Your answer must be the full listing below, repeated exactly, with no pictures in it.

Provided material:
# # # # # # #

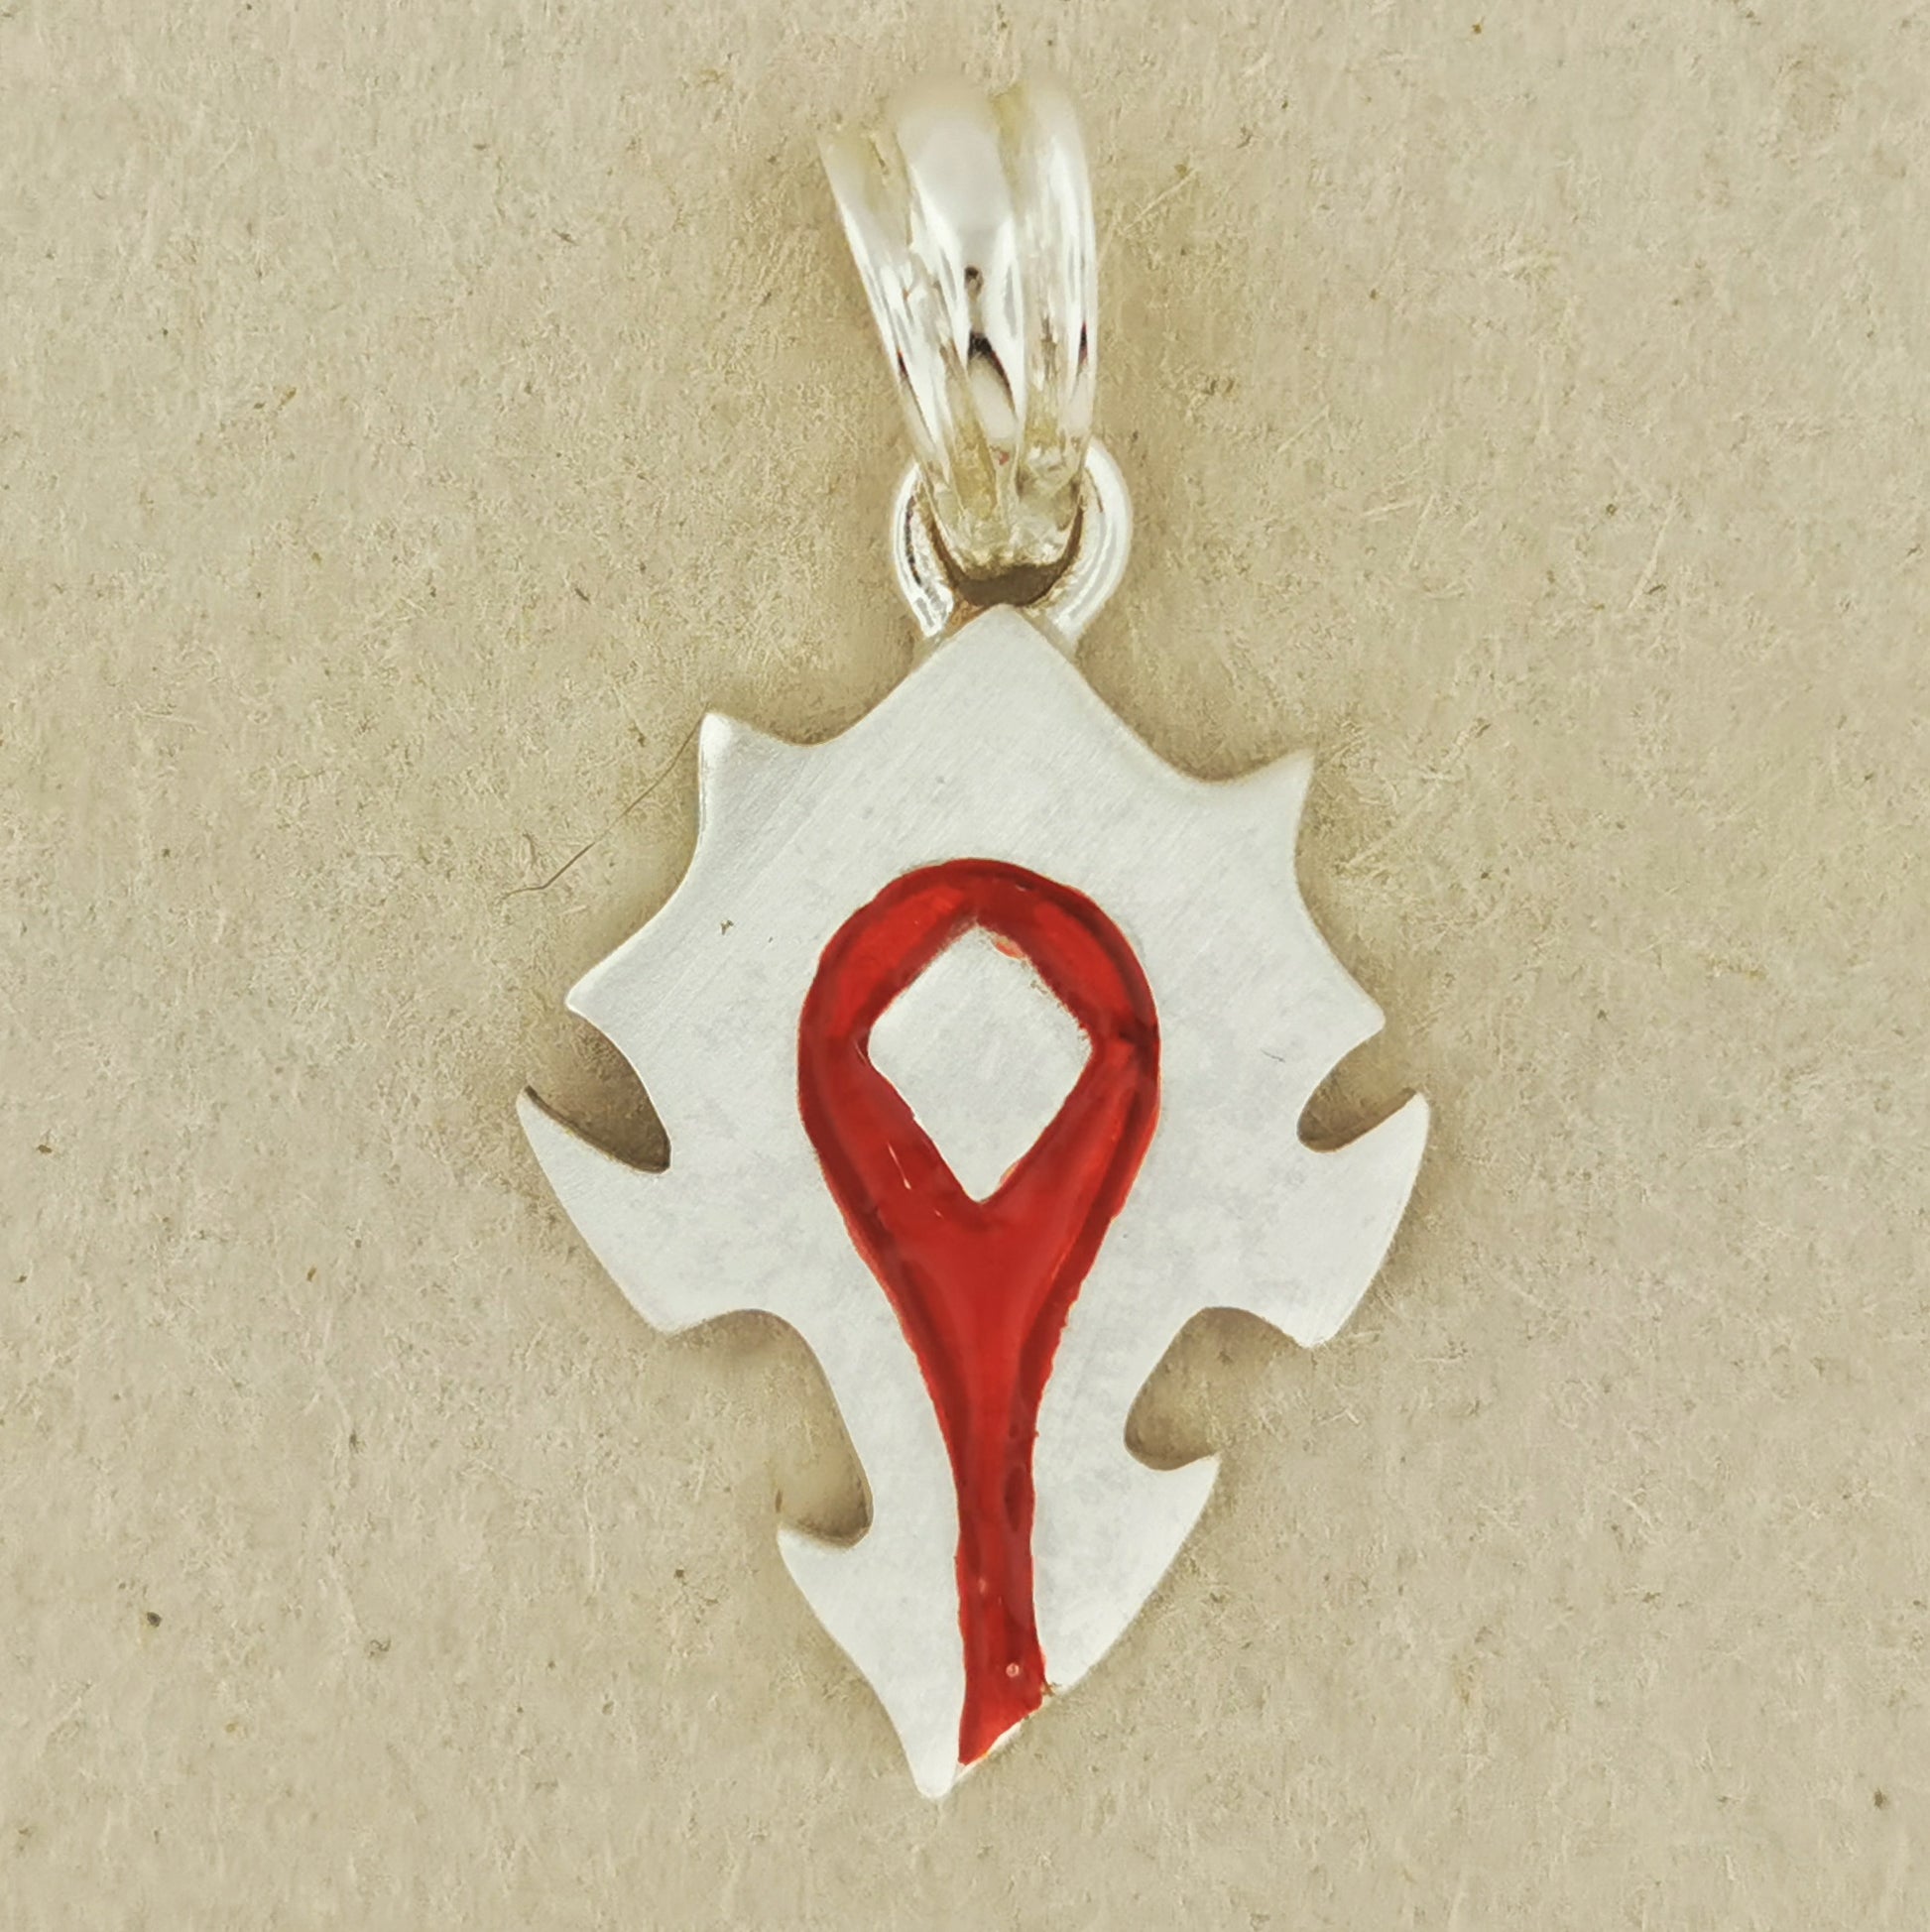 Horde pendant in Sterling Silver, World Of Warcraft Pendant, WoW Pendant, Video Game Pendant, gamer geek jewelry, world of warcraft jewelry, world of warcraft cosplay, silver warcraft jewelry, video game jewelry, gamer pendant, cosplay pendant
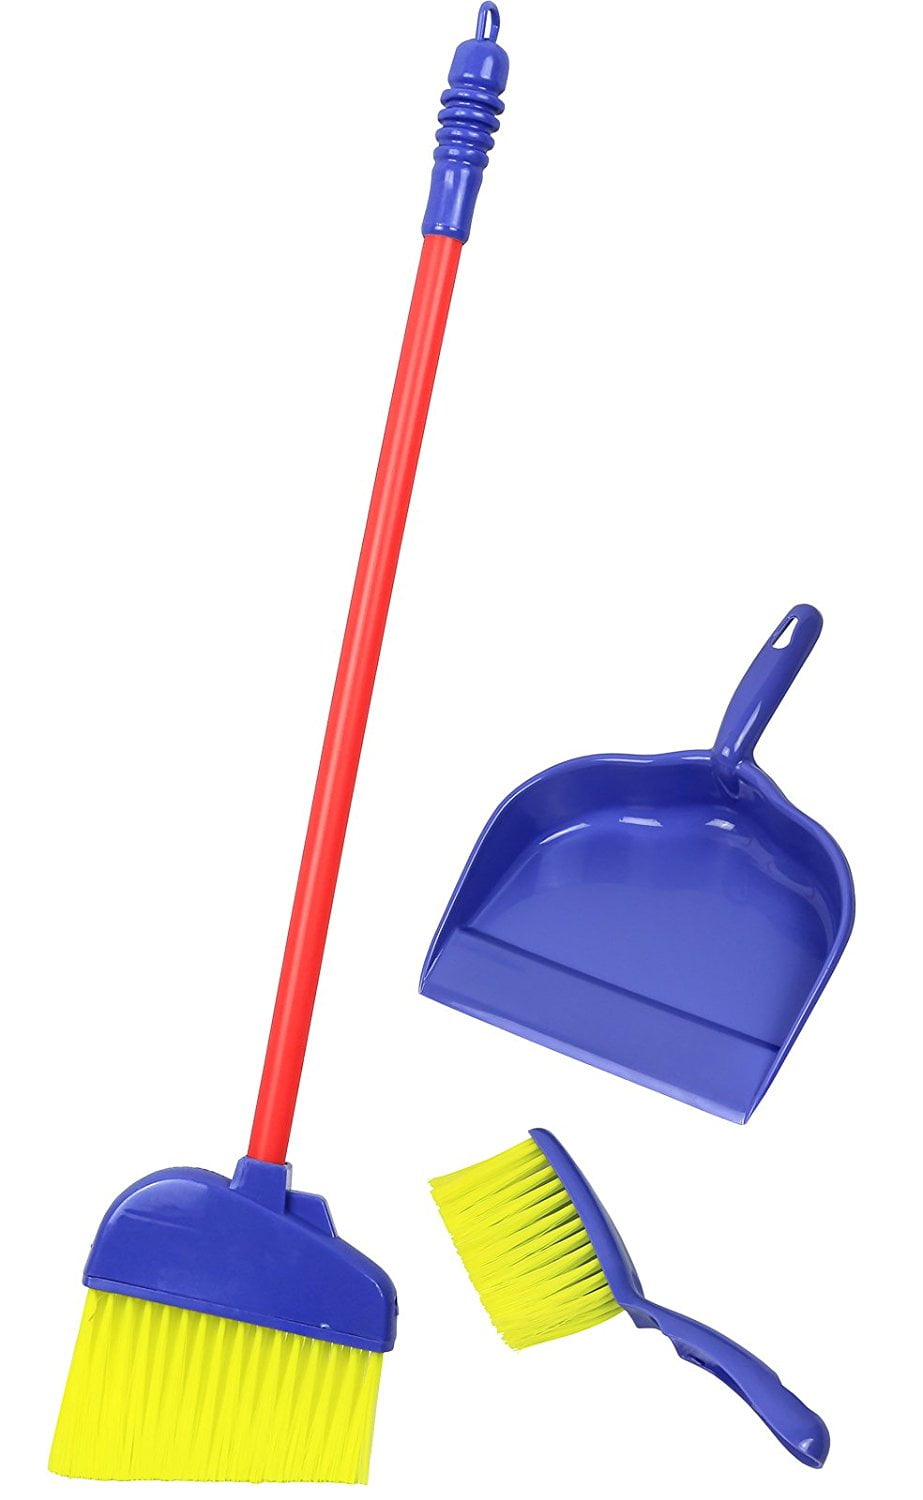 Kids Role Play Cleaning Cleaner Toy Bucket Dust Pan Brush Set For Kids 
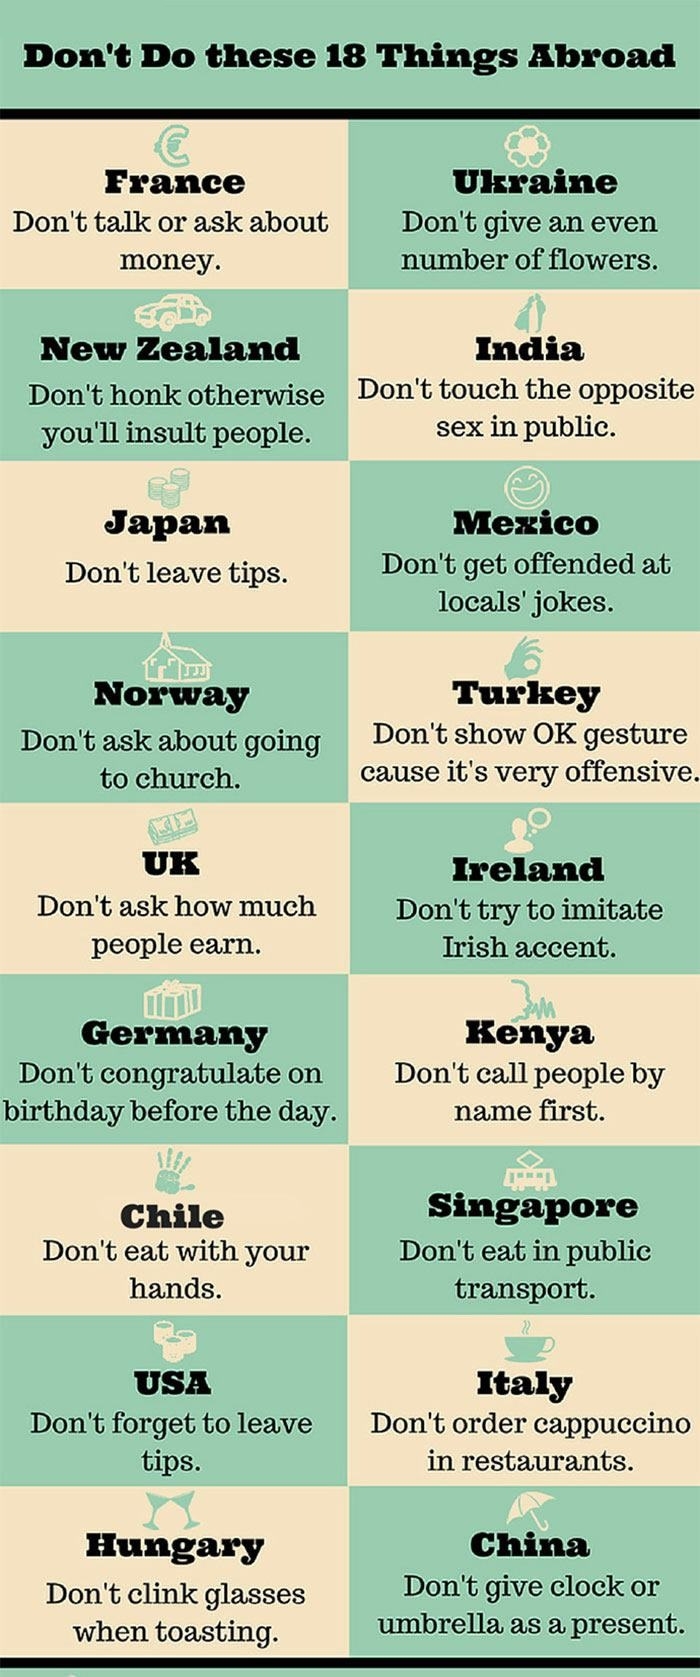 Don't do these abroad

# # # # # # #

Answer to this task:
 Horde pendant in Sterling Silver, World Of Warcraft Pendant, WoW Pendant, Video Game Pendant, gamer geek jewelry, world of warcraft jewelry, world of warcraft cosplay, silver warcraft jewelry, video game jewelry, gamer pendant, cosplay pendant
 Kids Role Play Cleaning Cleaner Toy Bucket Dust Pan Brush Set For Kids 
 Don't do these abroad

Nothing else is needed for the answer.